If the will was made in closed form, all the necessary signatures, seals and notes are placed on the envelope in which the written instructions of the testator are sealed. The envelope remains with the notary until the inheritance is opened, and the testator is given a paper confirming the acceptance of the closed document.

In Art. 1129 of the Civil Code of the Russian Federation prescribes the procedure for presenting the testator’s orders in emergency circumstances. The process involves the transfer of one's will in a simple form, but with the obligatory presence of two witnesses who signed the paper along with the testator. Such a document will have incomplete legal force, and you can only receive an inheritance through it through the court.

How to find out about a will and receive an inheritance?


If the testator has not notified the heirs about the will, it is quite problematic to look at the contents of the document or find out about the inheritance left.
It is to announce the dying will of the deceased to the descendants that an executor is appointed. The executor of the will must notify interested parties about the availability of orders regarding the inheritance. In 2021, information about all testamentary orders is stored in a special electronic register of the Unified Notary Information System.

Heirs can enter into an inheritance and receive ownership rights to bequeathed property within the period established by the legislator, after 6 months from the date of death of the testator.

The rules for searching for a will in a single database, at a notary and other places can be found here.

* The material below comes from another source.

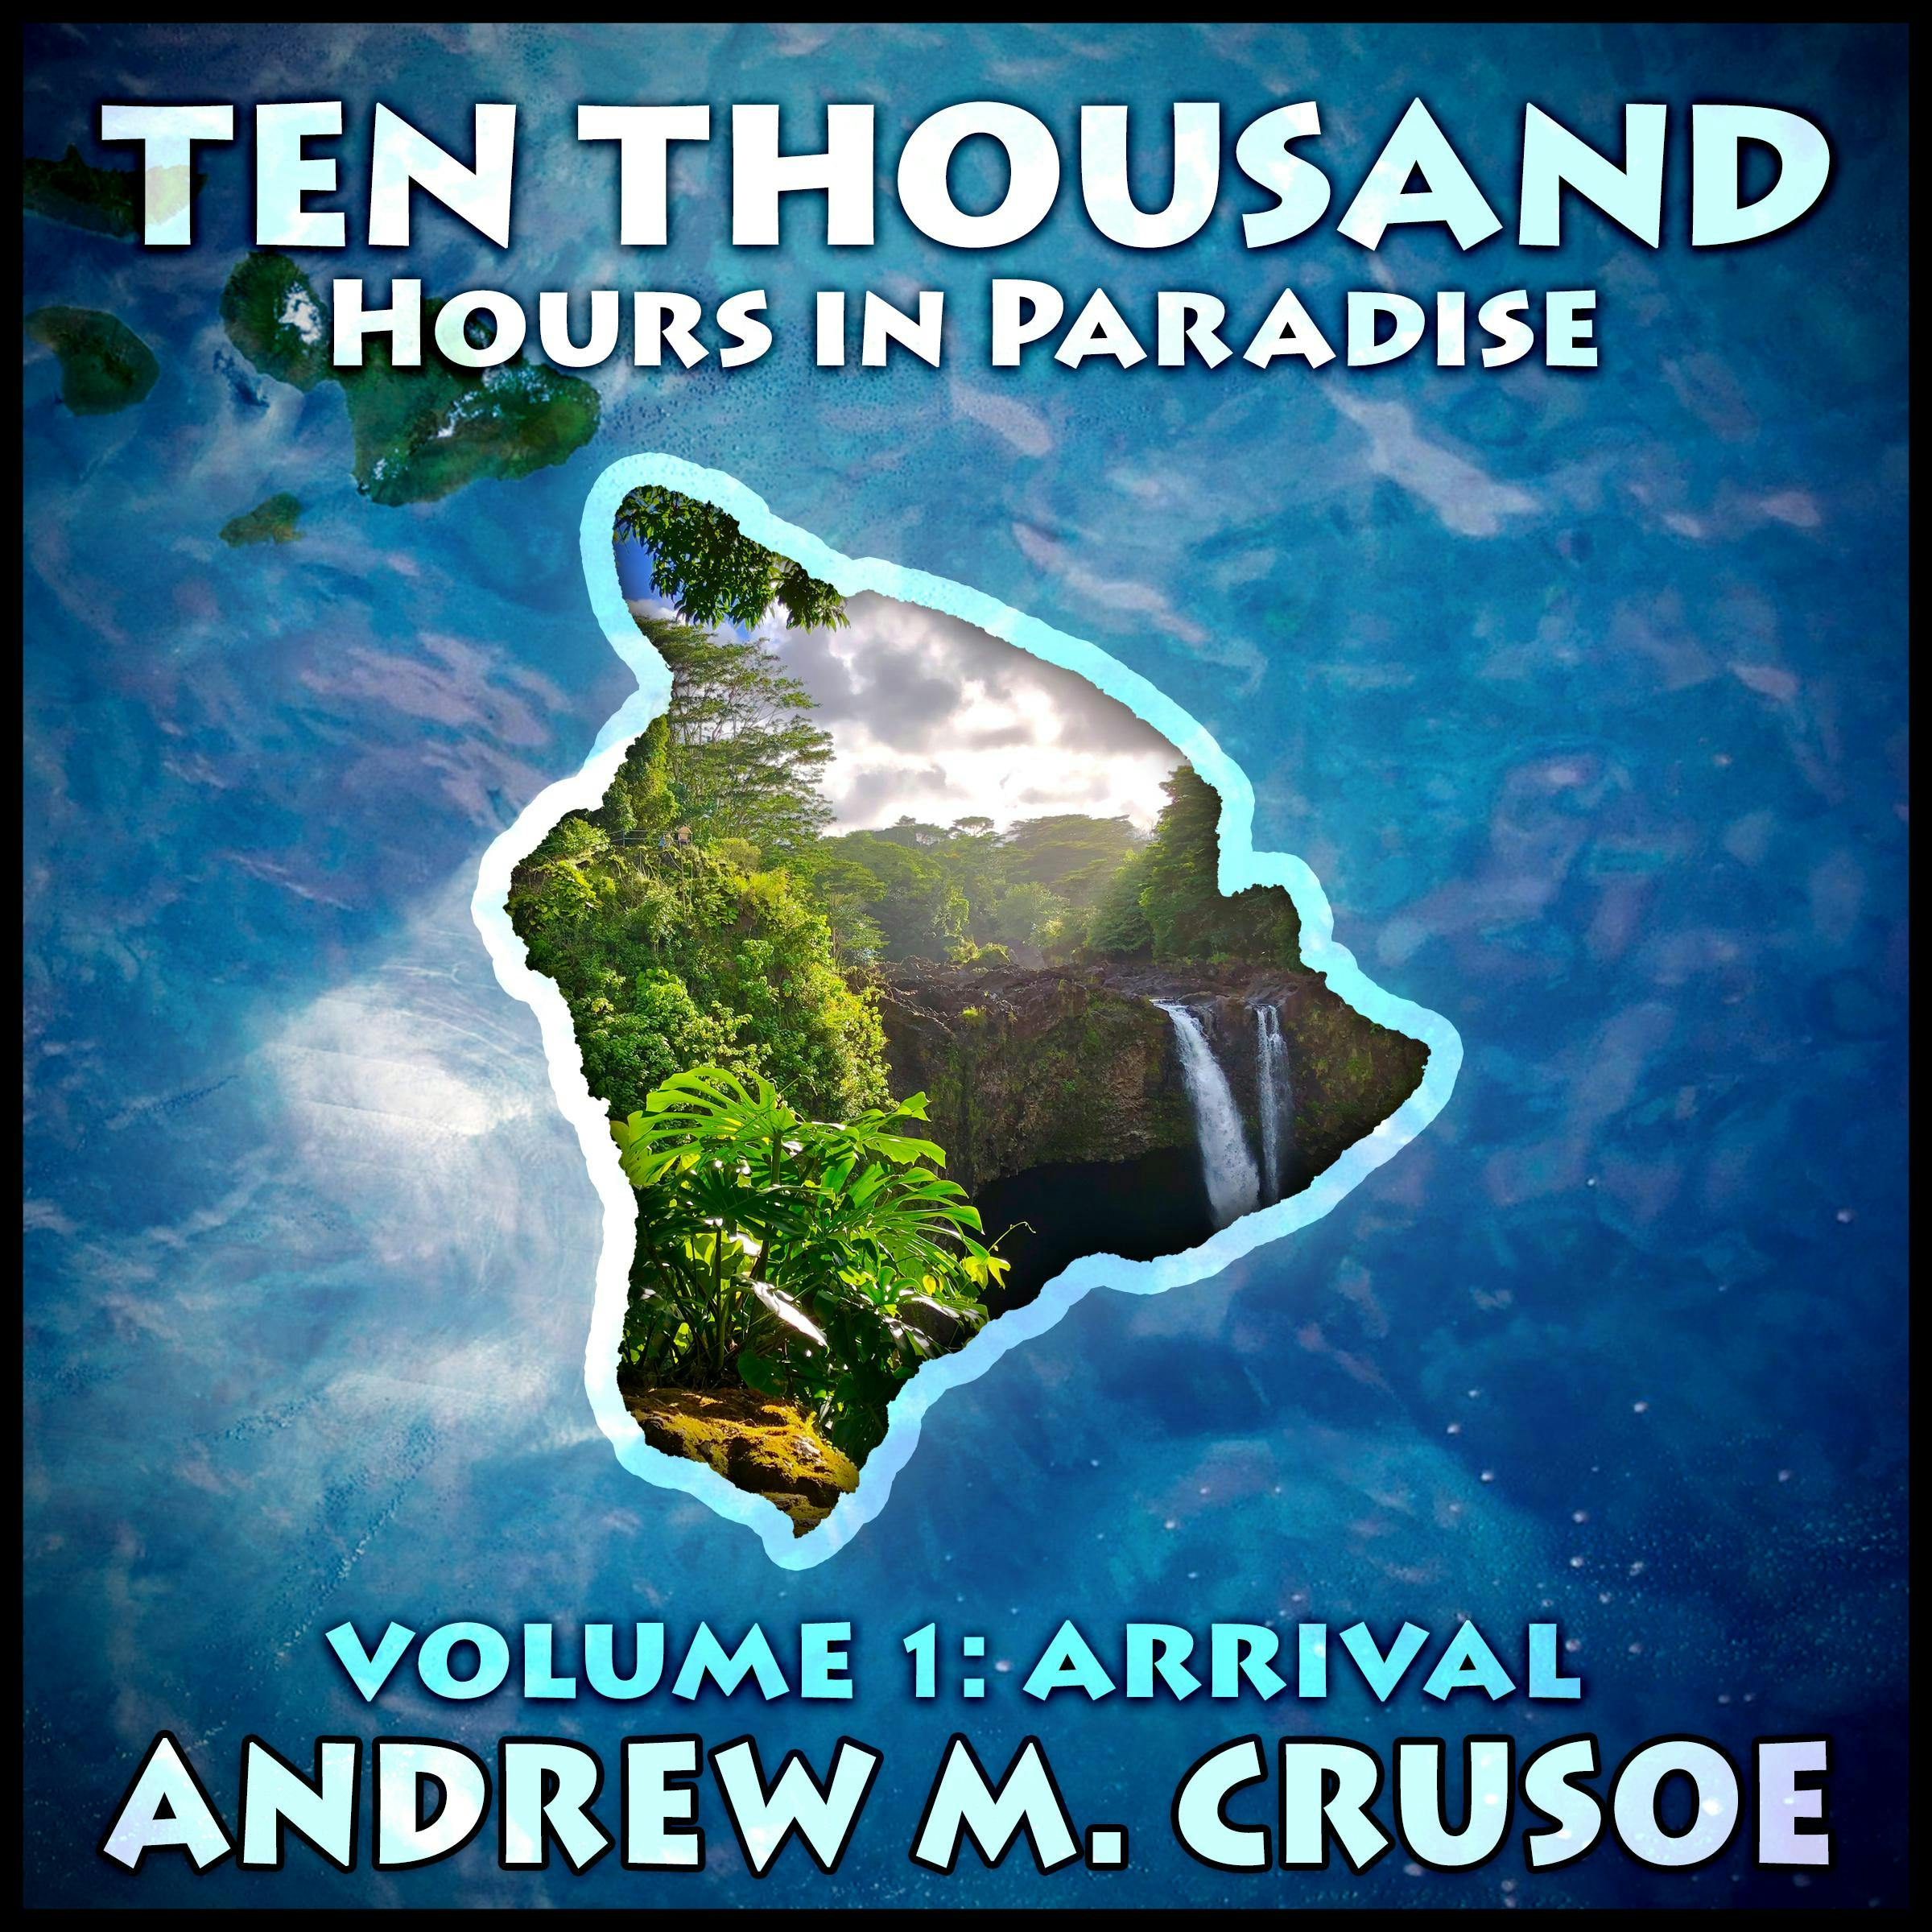 Ten Thousand Hours in Paradise: Volume 1: Arrival - Andrew M. Crusoe

Does the heir have the right to sell the property?

If the testator has not written down any instructions in the will regarding the future fate of the property, the heirs can dispose of the received inheritance in any way they wish - refuse it in favor of third parties, exchange it, sell it, donate it.

Attention! After receiving ownership rights to the bequeathed property, the heirs can dispose of it at their own discretion, unless the testator left instructions in this regard.

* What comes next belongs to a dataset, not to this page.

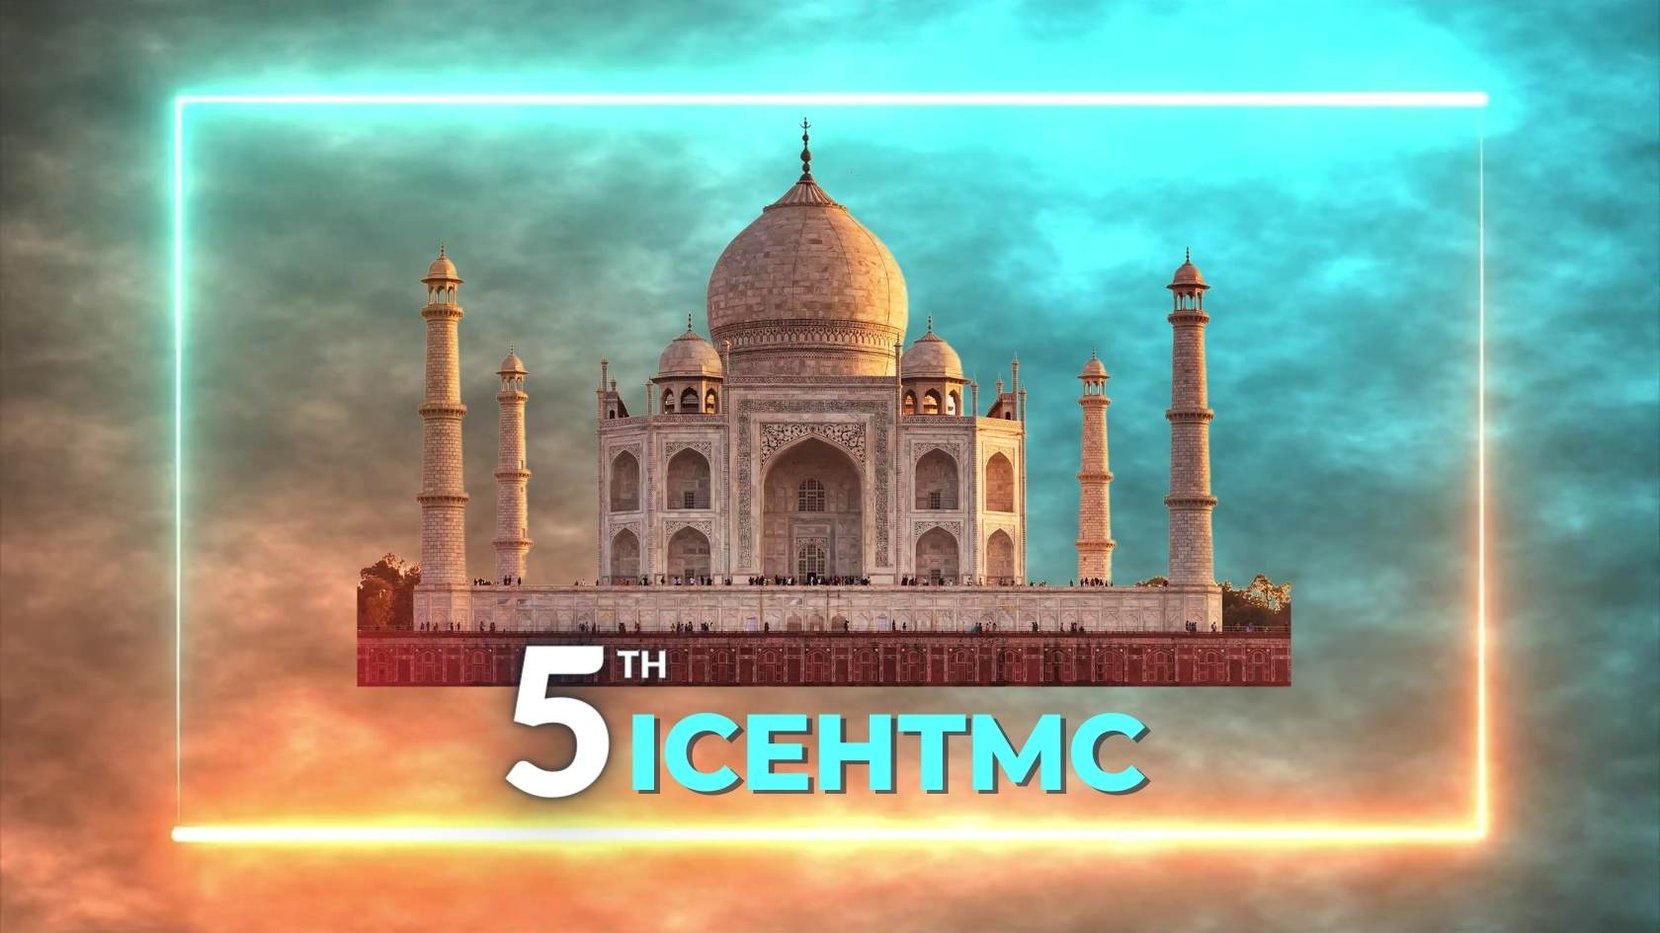 5th ICEHTMC: Learn more

How to correctly write a will for an apartment (sample)

To draw up a will for an apartment, you must correctly indicate its address; otherwise, the contents of the act do not differ much from the general form of the document. An example of it can be seen below.

wills for an apartment

Change and cancellation

The testator has the right to change the expression of will or completely cancel it. You can do this in two ways:

  1. By drawing up a separate order to cancel the entire act or its individual paragraphs.
  2. By writing a new will, when the provisions established in it contradict the previous ones and thereby revoke them.

A will can be adjusted and drawn up an unlimited number of times without specifying the reasons for this, without expecting consent from the heirs determined by the previous act.

It is important to remember that a new act of property disposition cancels the previous one only on the relevant points. The part of the previous will that is not affected by a separate revocation or contrary instructions will remain in force.

A testamentary disposition in a bank is canceled according to a similar principle, however, an application for this can be submitted both to the financial institution itself and to a notary. In the latter case, information about the cancellation must be transmitted to the relevant bank branch.

To cancel a document drawn up under life-threatening circumstances of the testator, nothing needs to be done. Its legal significance will be canceled automatically after 30 days from the date of writing, but only if the author of the act remains alive longer than this period.

Can it be declared invalid?

As judicial practice shows, heirs who are dissatisfied with the distribution of property often go to court with a request to declare the will invalid.

It is possible to challenge a will in cases specified by law.

  • The document containing the last lifetime disposition of the testator was drawn up incorrectly.
  • Recognition of the testator as incompetent at the time of drawing up the testamentary disposition.
  • It is a proven fact that the will was drawn up against the will of the testator through psychological pressure and threats.